━━━ Available data ━━━

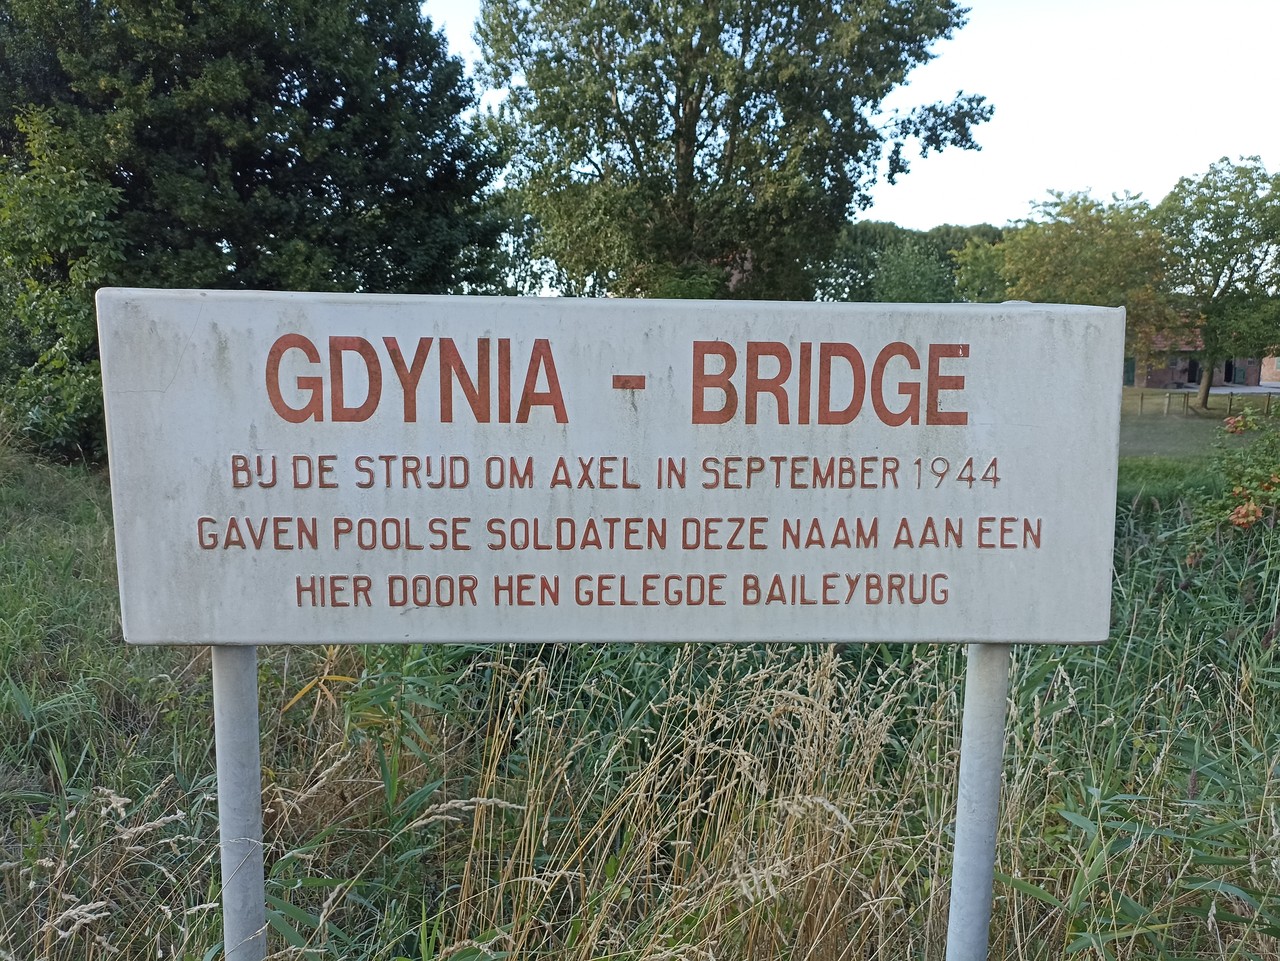 Most Gdyński
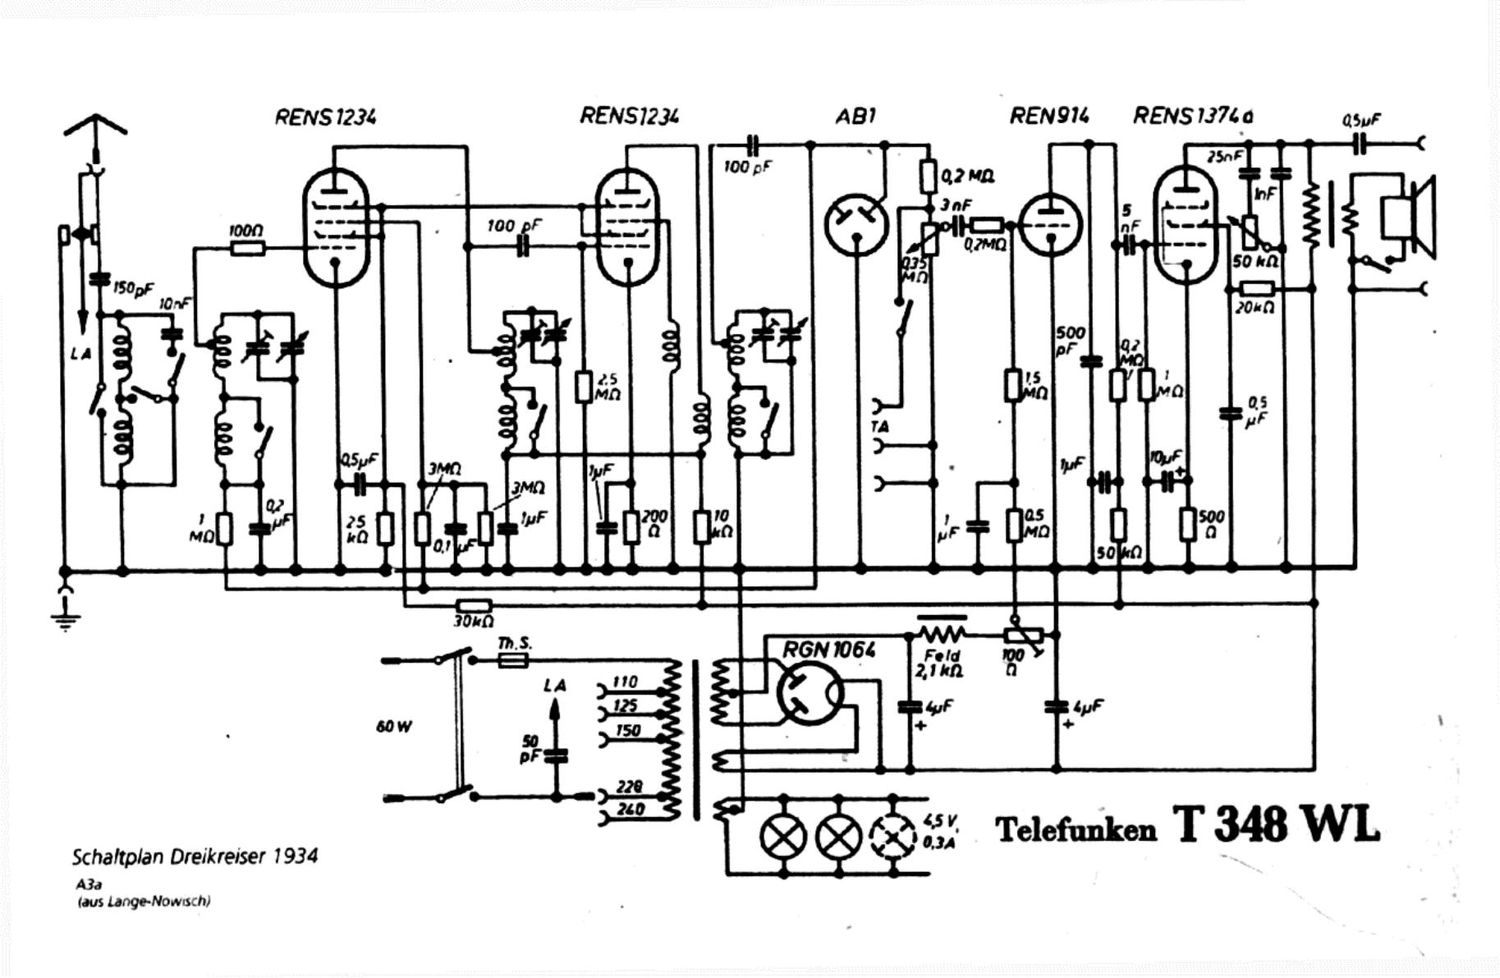 Telefunken T 348 WL Schematic
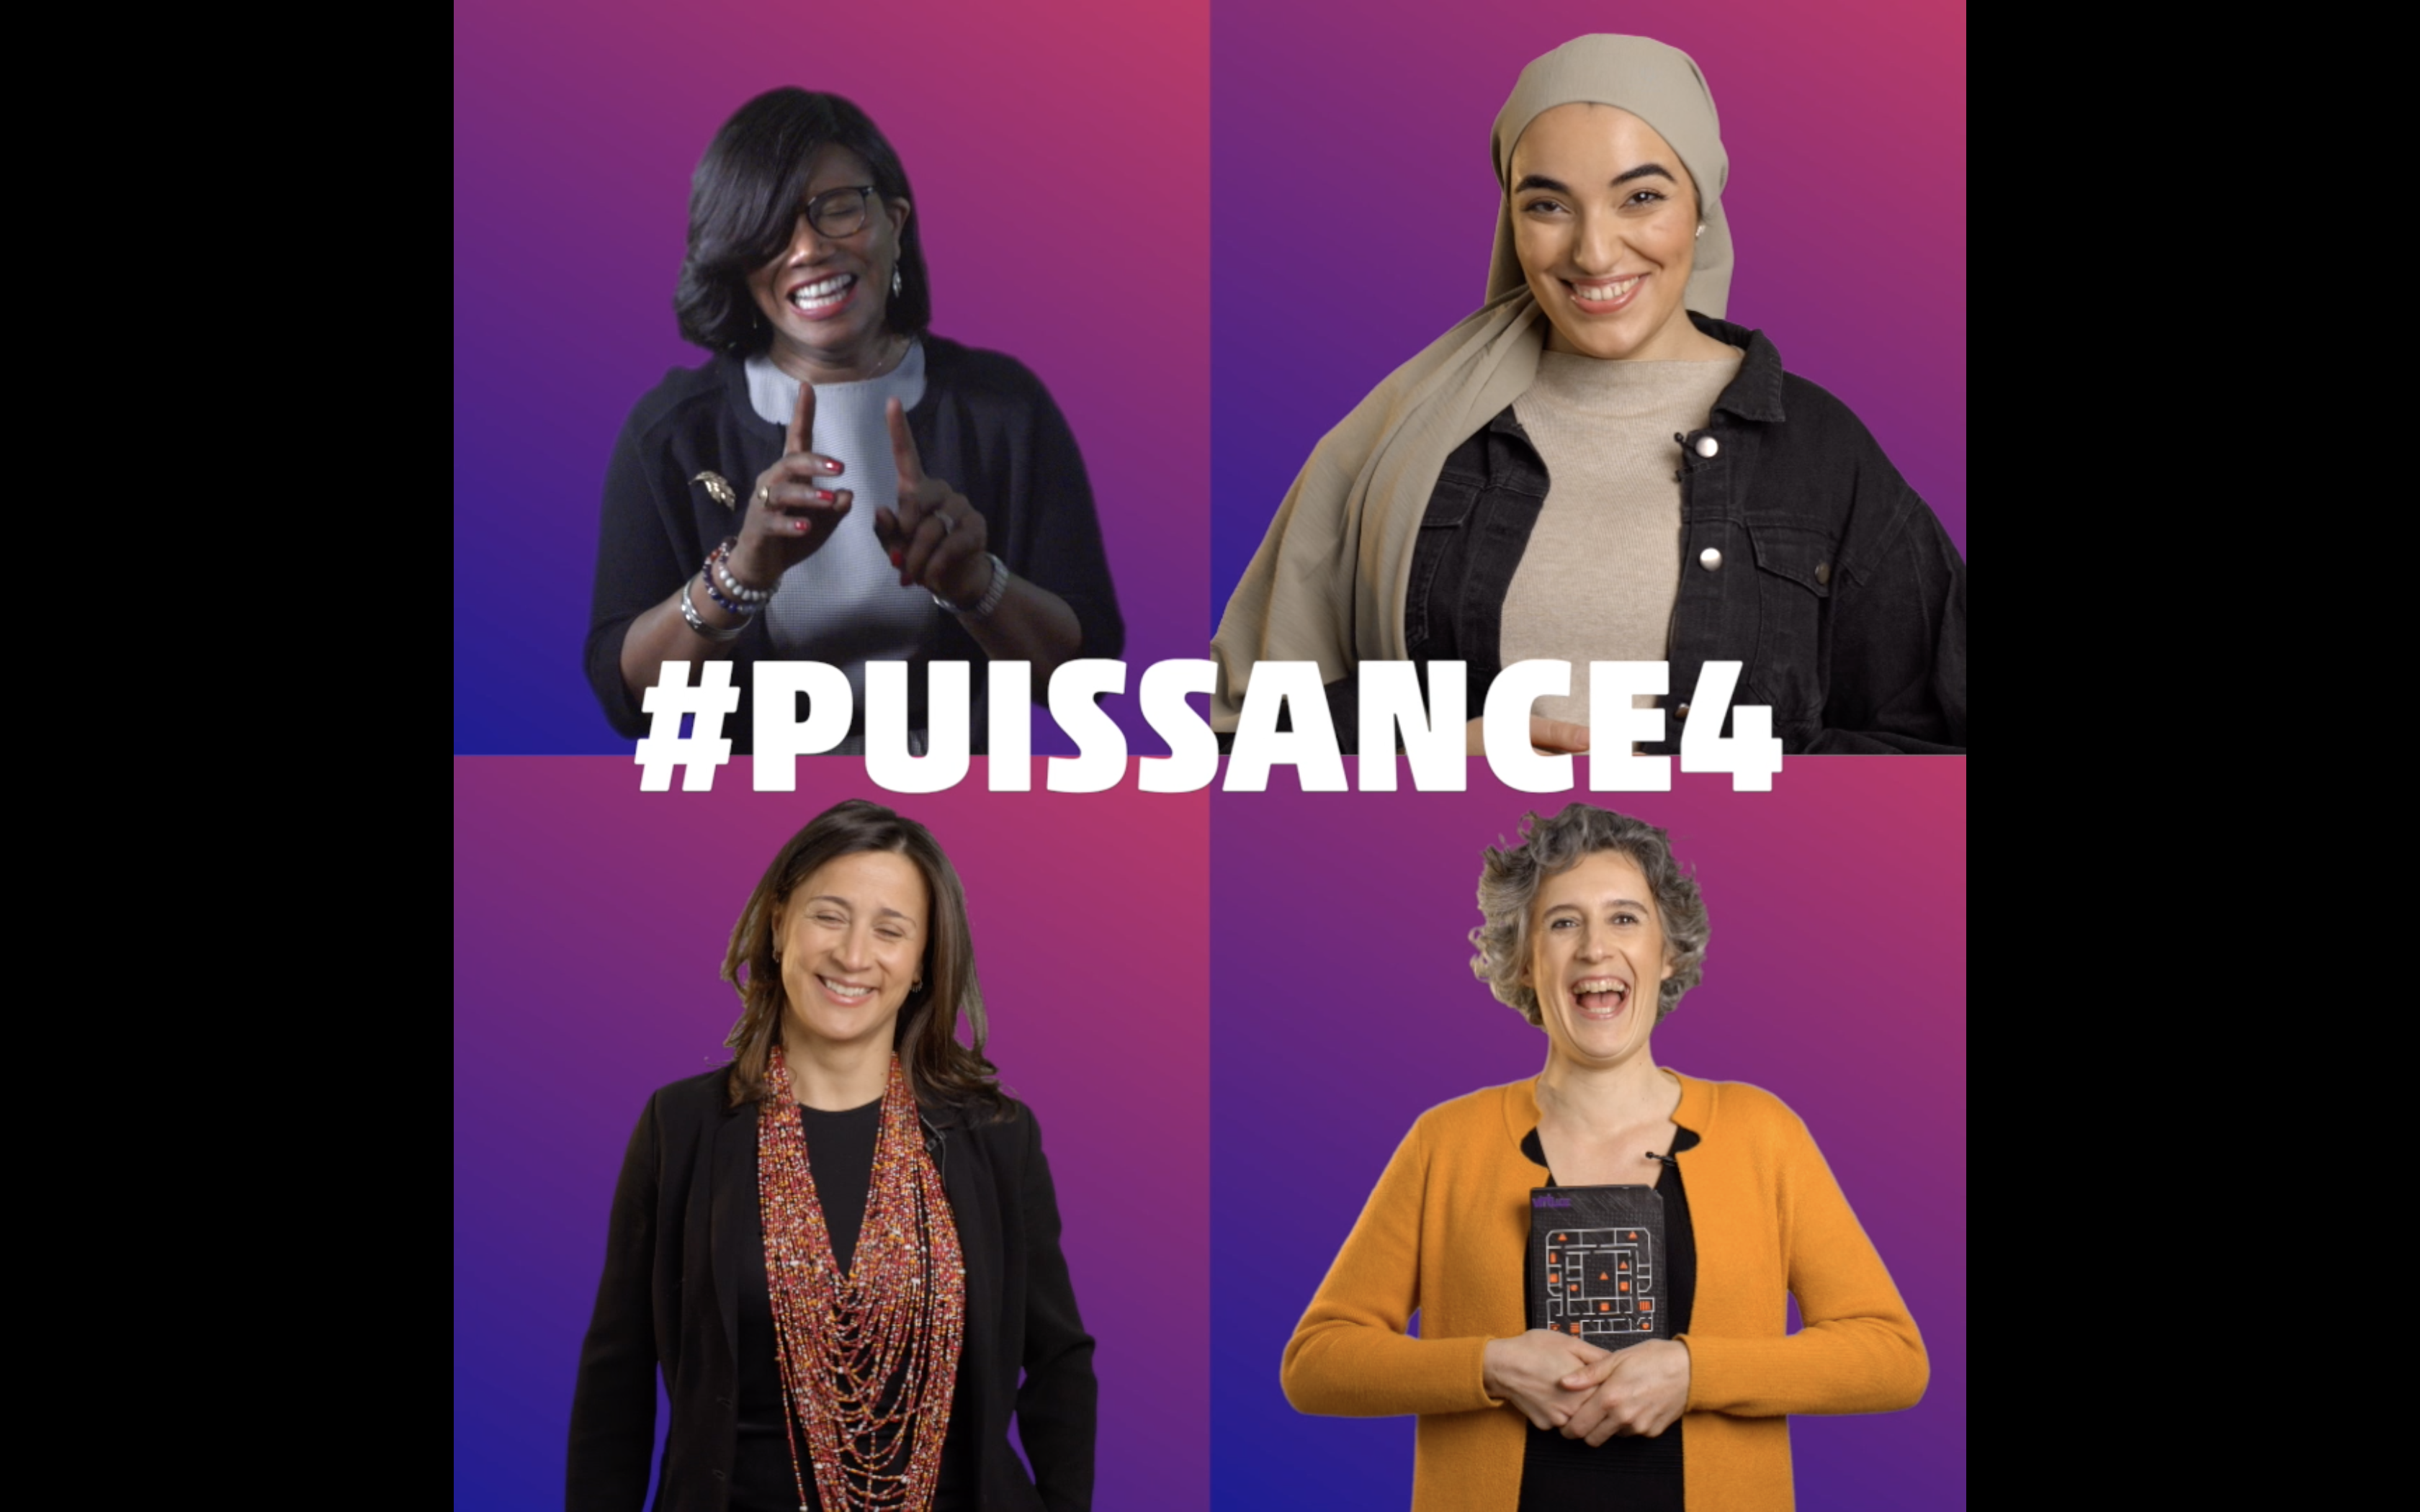 #Puissance4 : Elisabeth Moreno, Imane Bounouh, Estelle Assaf, Céline Favy-Huin et le numérique
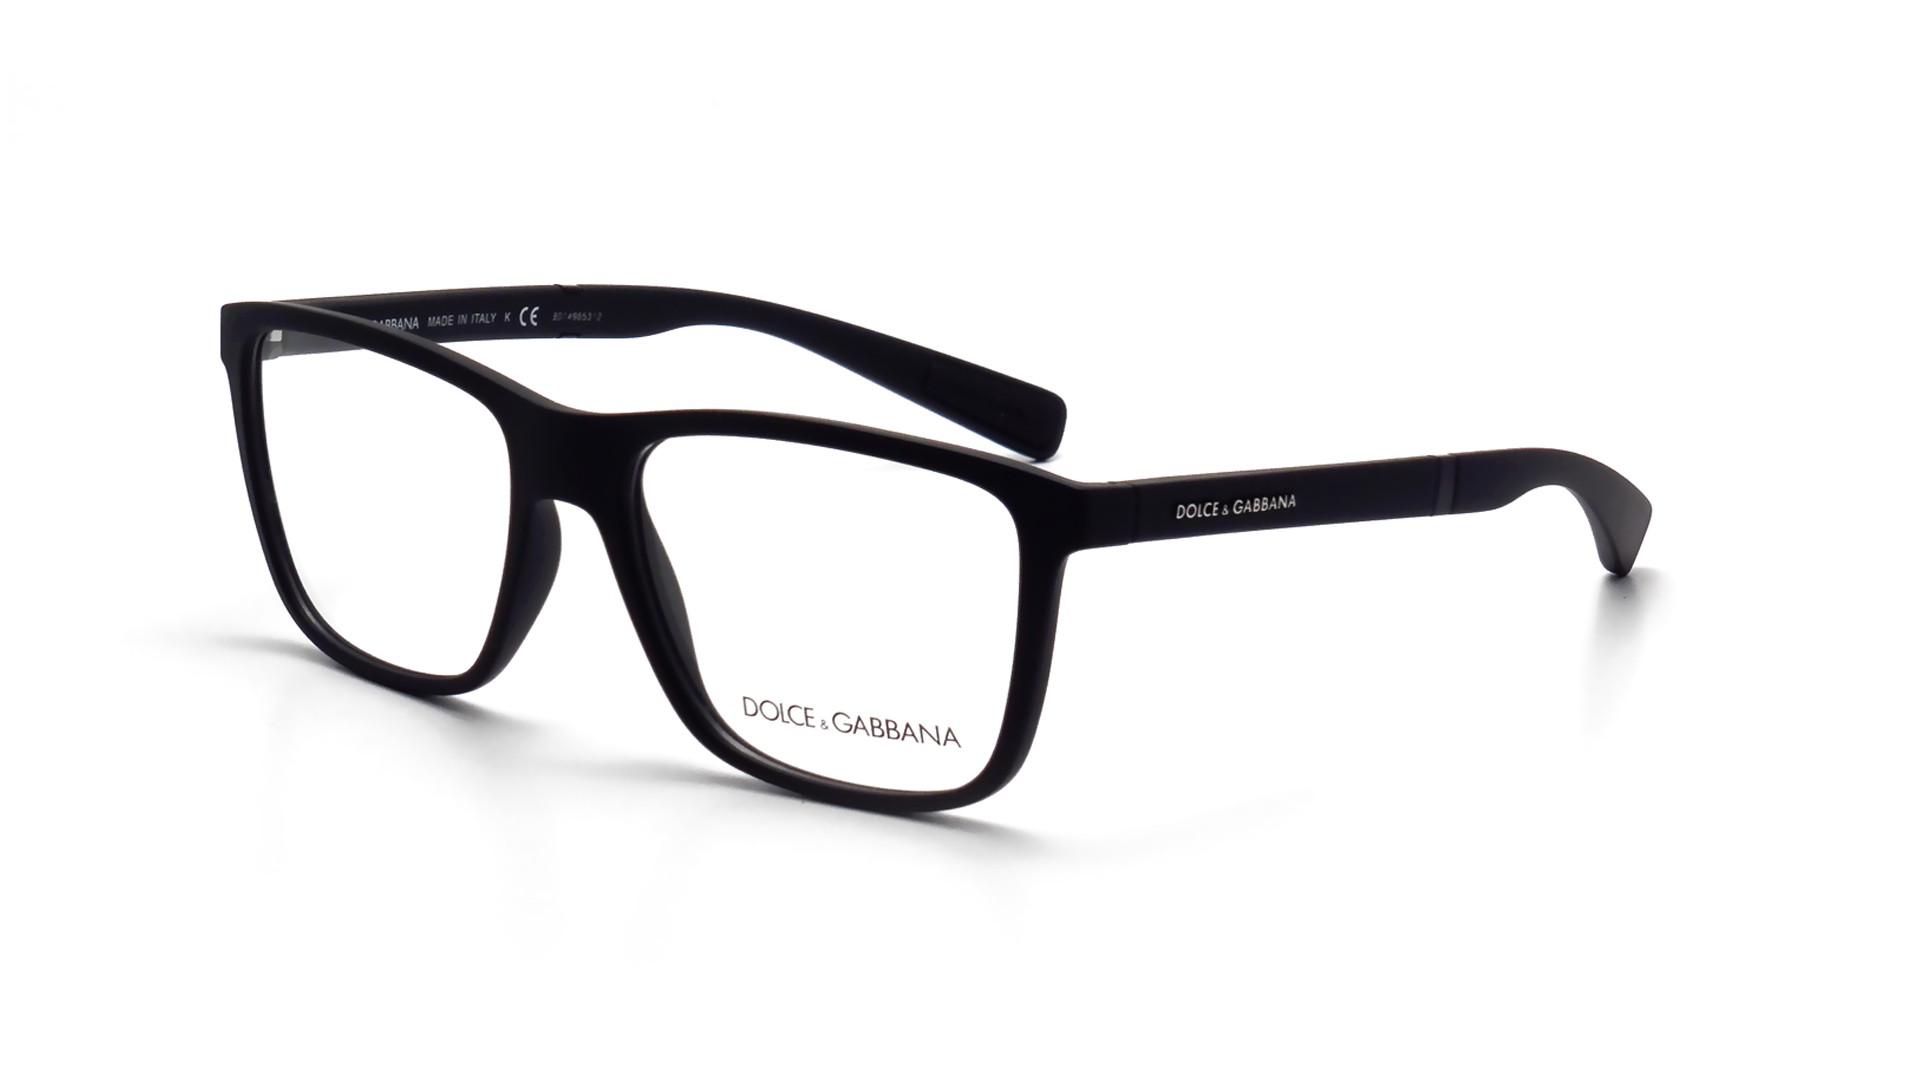 Für mutige Fashionistas: Dolce & Gabbana: Korrekturbrillen, 151,20 €

━━━

> _Activity_
All of the data is to be returned exactly, with no pictures included.

> _Completed exercise_
 Most Gdyński
 Telefunken T 348 WL Schematic
 #Puissance4 : Elisabeth Moreno, Imane Bounouh, Estelle Assaf, Céline Favy-Huin et le numérique
 Für mutige Fashionistas: Dolce & Gabbana: Korrekturbrillen, 151,20 €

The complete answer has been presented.